Ein solches Jubiläum ist Anlass genug für eine Rückschau auf das, was sich, seit es diese Zeitschrift gibt,
in der Philosophie getan hat. Dies führt zunächst zurück in das Jahr 1972 und auf die Frage, wie sich
damals die philosophische Szenerie dem Beobachter darstellte. An den meisten Universitäten waren die
Philosophen vomMorbus hermeneuticus befallen, also einer Krankheit, die sich in der Reduktion des
wissenschaftlichen Philosophierens auf Philosophiehistorie und Textinterpretation äußerte. Philosophie
als „Geisteswissenschaft“ – das hatte im 19. Jahrhundert einen Ausweg aus der tiefen Identitätskrise
dieses Faches eröffnet. Sie ergab sich aus der Tatsache, dass die Philosophen nach dem Ende des
Systemidealismus nicht mehr über das Definitionsmonopol verfügten, was die Wissenschaftlichkeit aller
übrigen Disziplinen betrifft, sondern nunmehr selbst unter Legitimationsdruck gerieten. Was lag da
näher, als bei den inzwischen wohletablierten Geschichts- und Textwissenschaften Zuflucht zu suchen?
Dies geschah mit bemerkenswertem Erfolg und führte dazu, dass man sich fast überall mit dicken
Monographien über einen großen oder kleineren Klassiker habilitieren konnte, vorausgesetzt, es findet
sich darin kein eigener philosophischer Gedanke, denn der konnte ja nur unwissenschaftlich sein. (Die
Beschäftigung mit Gegenwartsproblemen wurde sogar als „Aktualismus“ kritisiert.) Der fachliche
Reputationsgewinn hing damals weitgehend von der Subtilität und Raffinesse immer originellerer
Klassikerinterpretationen ab, und verstärkt wurde dies durch die verbreitete Überzeugung, das nach
Hegel „große“ Philosophie ohnehin nicht mehr möglich sei, so dass es nur noch darum gehen könne, das
klassische Erbe zu bewahren. Die Philosophen waren offenbar die Letzten, die für ihr Metier immer noch
am alten Systemideal der Wissenschaftlichkeit festhielten, während alle übrigen Fächer längst dem
modernen forschungswissenschaftlichen Paradigma folgten. Nun wollten die Philosophieprofessoren
natürlich auch forschen, um als Wissenschaftler auftreten zu können, aber der einzige Unterschied zu den
„Geisteswissenschaften“ bestand nur noch darin, dass es sich bei ihren Forschungsobjekten um Autoren
und Texte handelte, die aus welchen Gründen auch immer als „philosophisch“ galten. 
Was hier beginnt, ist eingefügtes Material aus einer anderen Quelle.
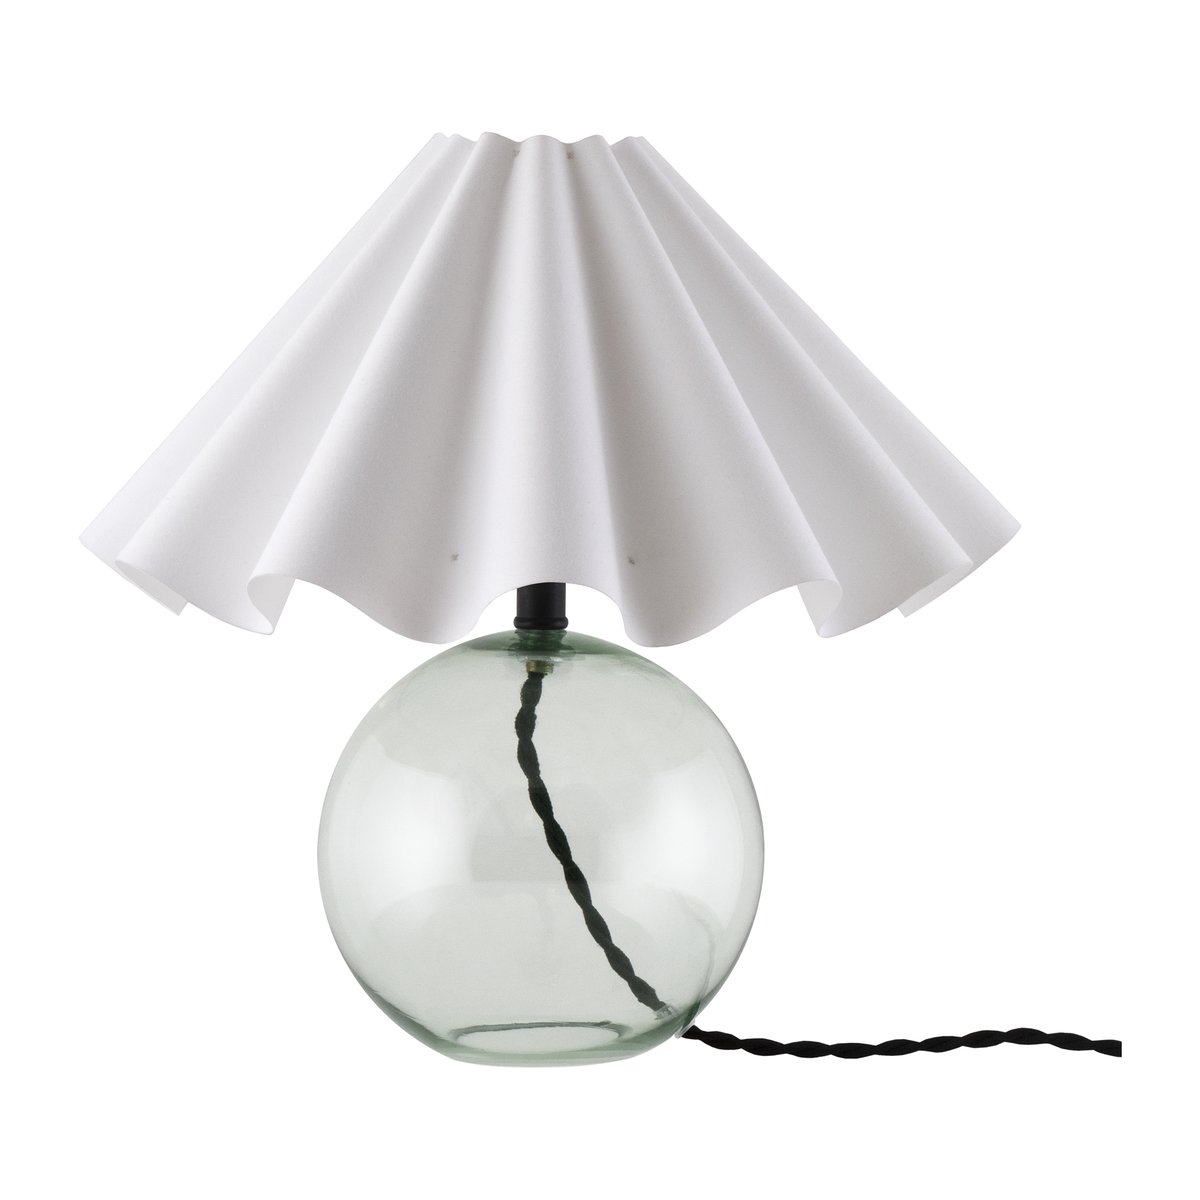 Bilde av Globen Lighting Judith bordlampe Ø 30 cm Grønn-hvit
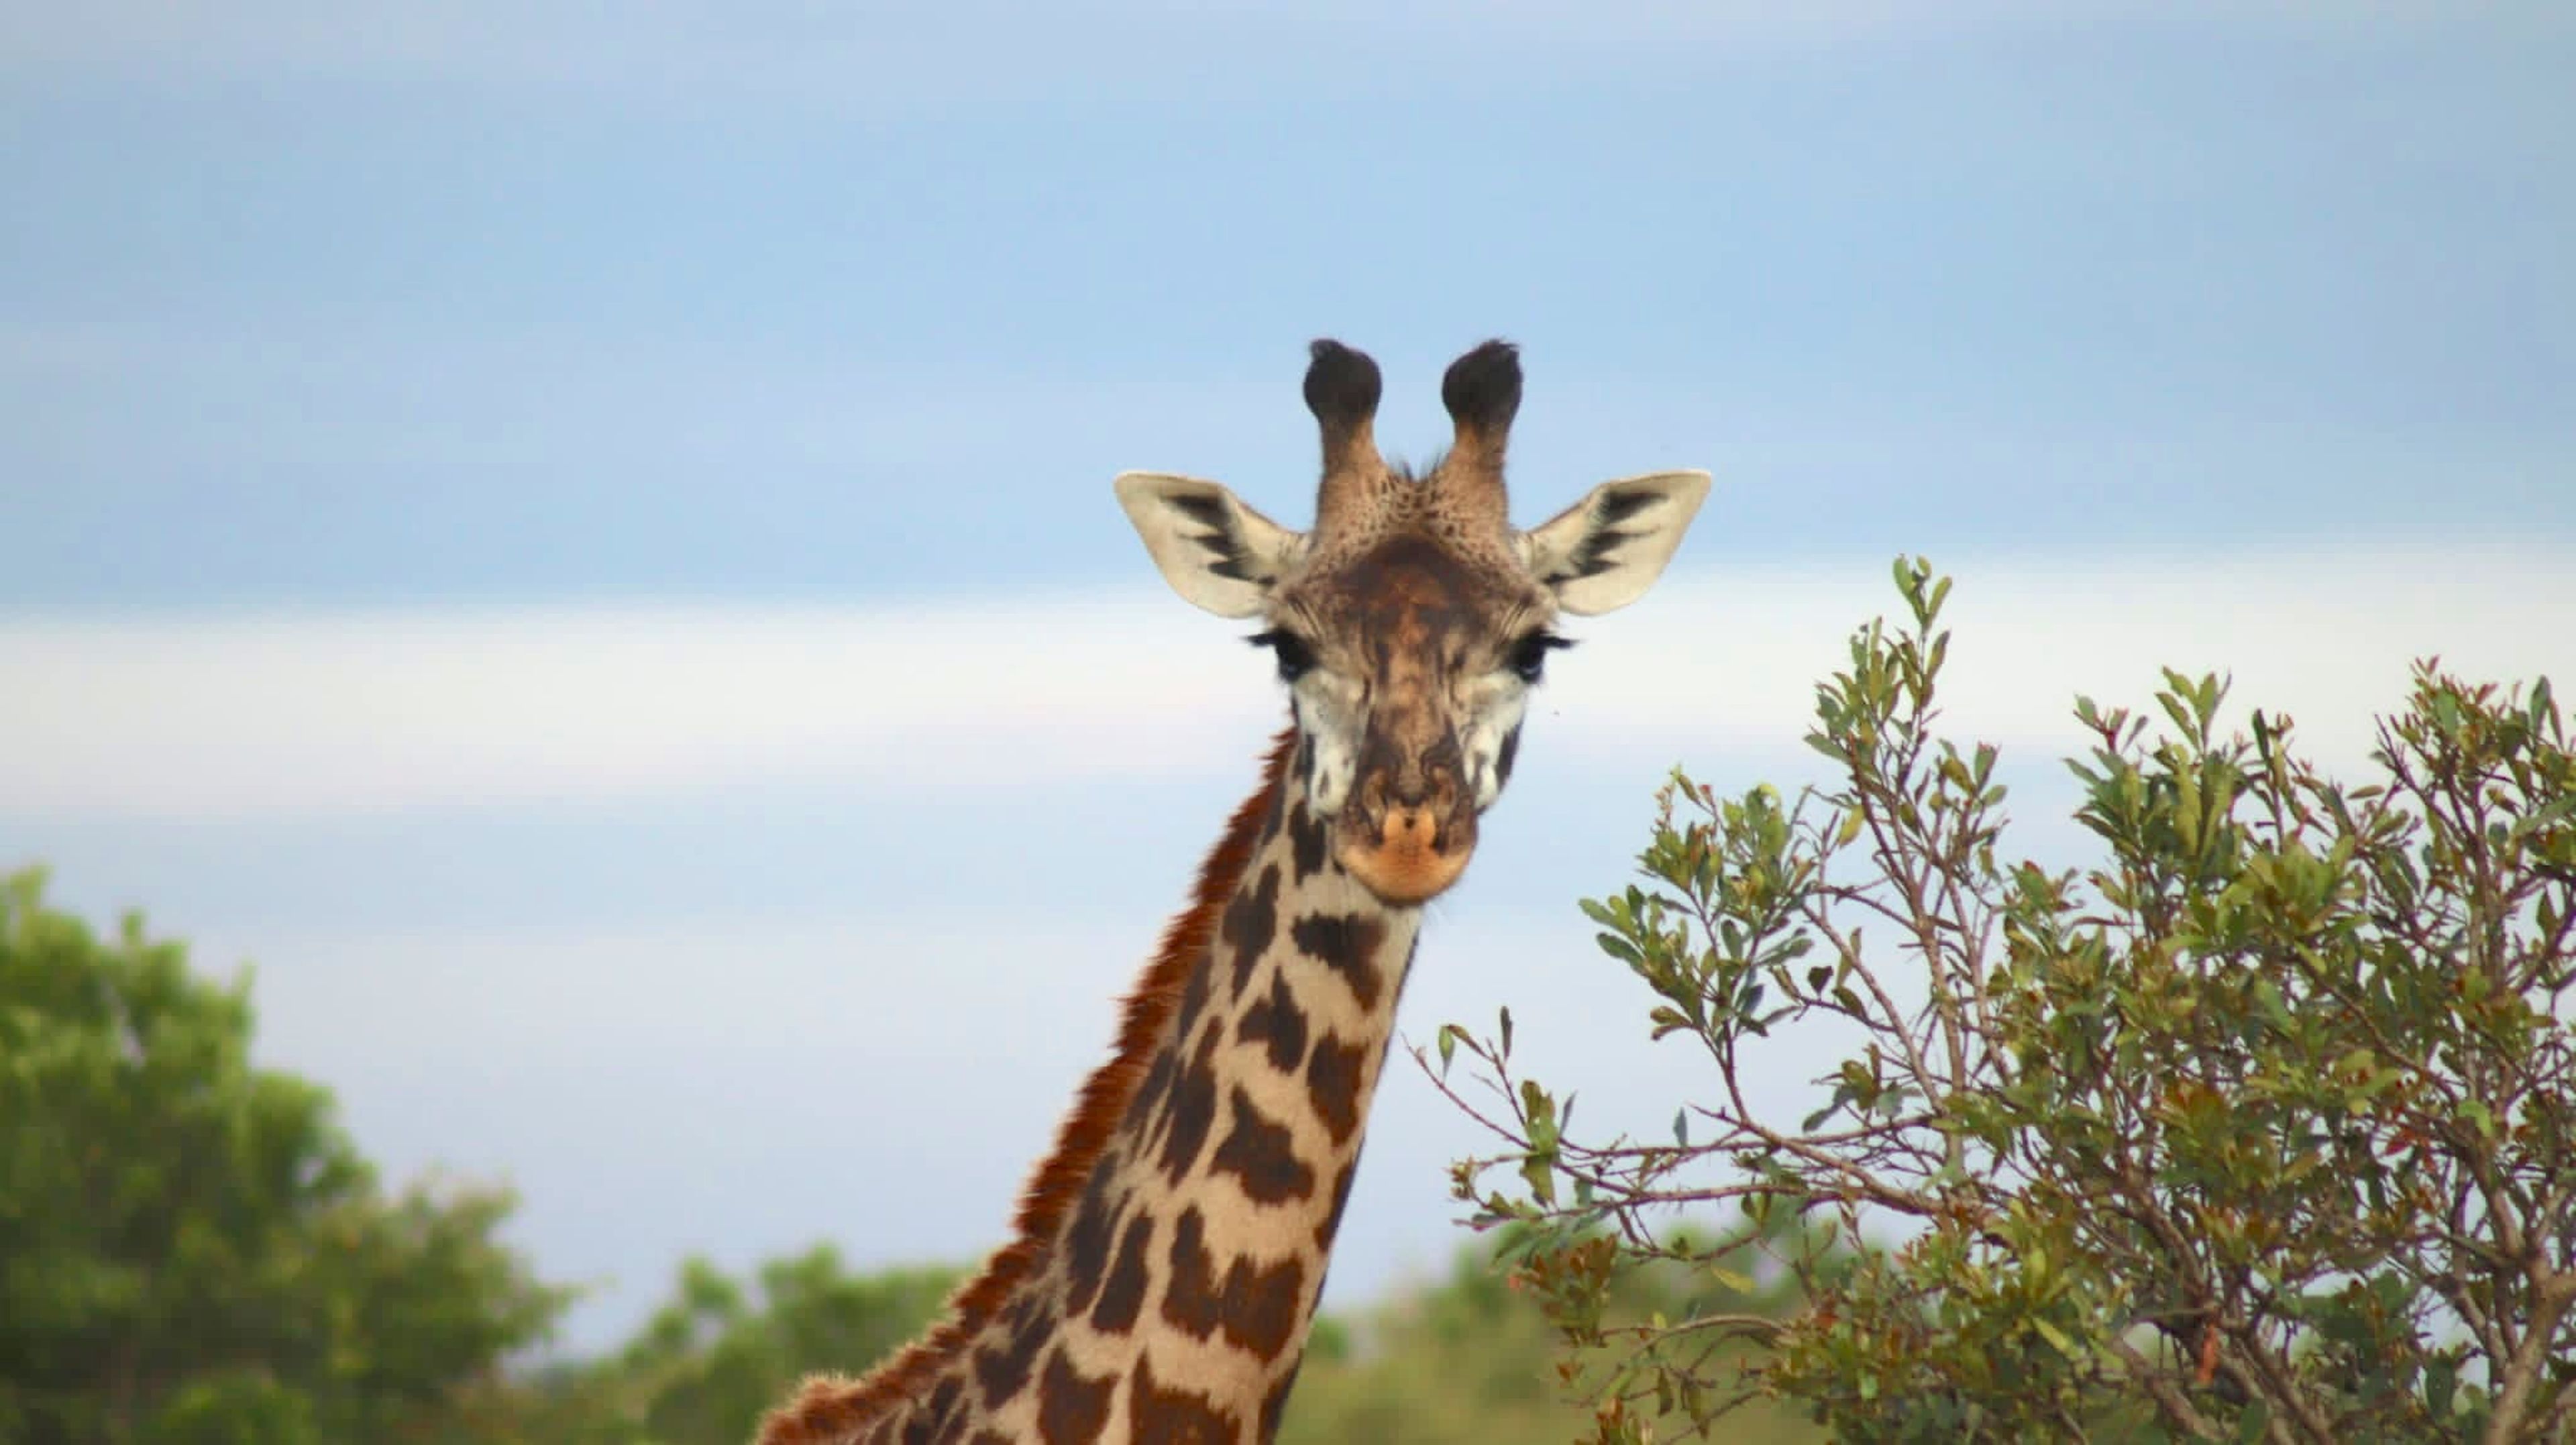 Una jirafa avistada durante un safari en Kenia.

Der Morbus hermeneuticus war übrigens nicht nur eine „bürgerliche“ Krankheit; auch in der linken
Szene grassierte er. Als intensiver Beobachter der Frankfurter Vorgänge der 60er und 70er Jahre kann ich
bestätigen, dass die theoretischen Auseinandersetzungen zwischen Marxisten und Marxianern vor allem
marxologisch ausgetragen wurden – mit einem ständigen Kampf um die richtigen
Klassikerinterpretationen, wobei die schwer zugänglichen „Grundrisse“ des Hauptwerks von Marx als
geheimnisvolle Fundgrube galten. Wie die „bürgerlichen“ waren auch diese antibürgerlichen Philosophen
davon überzeugt, dass mit Hegel die Philosophie an ihr Ende gekommen sei, aber aus anderen Gründen:
Karl Marx sollte sie in Gesellschaftstheorie übersetzt und damit vom Kopf auf die Füße gestellt haben. Im
Übrigen wurde nicht mehr mit wirklichen Fortschritten in der marxistischen Theorieentwicklung
gerechnet; man stritt sich nur über die jeweilige Bedeutung der Klassiker: „Marx ohne Engels“, „Marx mit
Engels“, „Marx-Engels mit oder ohne Lenin“ etc.; Argumente wurden meist durch Zitate ersetzt. So fand
eine faire Beschäftigung mit den verschiedenen „revisionistischen“ Neuansätzen in dieser Tradition, sei es
mit den Theoretikern der II. Internationale, dem Austromarxismus oder jugoslawischen
Praxisphilosophie, nicht statt. Trotzdem entstand damals eine unübersehbare marxistische
Sekundärliteratur, die sich in Methode und Stil nur wenig von den umfangreichen Kant- oder
Hegelforschungen unterschied. 

Nach dem Ende des Systemidealismus gab es freilich auch noch originäres Philosophieren, aber es
wanderte aus den Universitäten aus. Seit der Mitte des 19. Jahrhunderts bis in die Jahre vor dem Ersten
Weltkrieg dominierten Arthur Schopenhauer und Friedrich Nietzsche die Szene, und beide waren keine
Universitätsphilosophen und wollten dies auch nicht sein; Schopenhauer hatte gespottet über die
„Professorenphilosophie der Philosophieprofessoren“, und Nietzsche befand sich zunächst auf einem
Lehrstuhl für Klassische Philologie, um sich dann bald aus Gesundheitsgründen wie Schopenhauer in die
private Gelehrsamkeit zurückzuziehen. Die wahren Umwälzungen des traditionellen Denkens in der
jüngeren Moderne hatten sich freilich außerhalb des philosophischen Bereichs ereignet, und es genügt an
dieser Stelle, Charles Darwin, Karl Marx, Sigmund Freud, Max Weber oder Albert Einstein zu nennen.
Beamtete Philosophen waren daran nicht beteiligt gewesen, und wenn sie auf der Höhe der Zeit bleiben
wollten, blieb ihnen nichts anderes übrig, als auf diese Neuerungen irgendwie zu reagieren; meist geschah
dies mit erkenntnis- und wissenschaftstheoretischen Mitteln, während man die Popularisierung jener
Neuigkeiten anderen überließ. Auch die Rückbesinnung auf die Aufgaben eines materialen
Philosophierens seit dem Beginn des letzten Jahrhunderts, wie sie vor allem mit dem
phänomenologischen Programm Edmund Husserls einsetzte, vermochte der Philosophie nicht die
kulturelle Führungsrolle zurück zu geben, die sie einmal für sich beansprucht hatte. 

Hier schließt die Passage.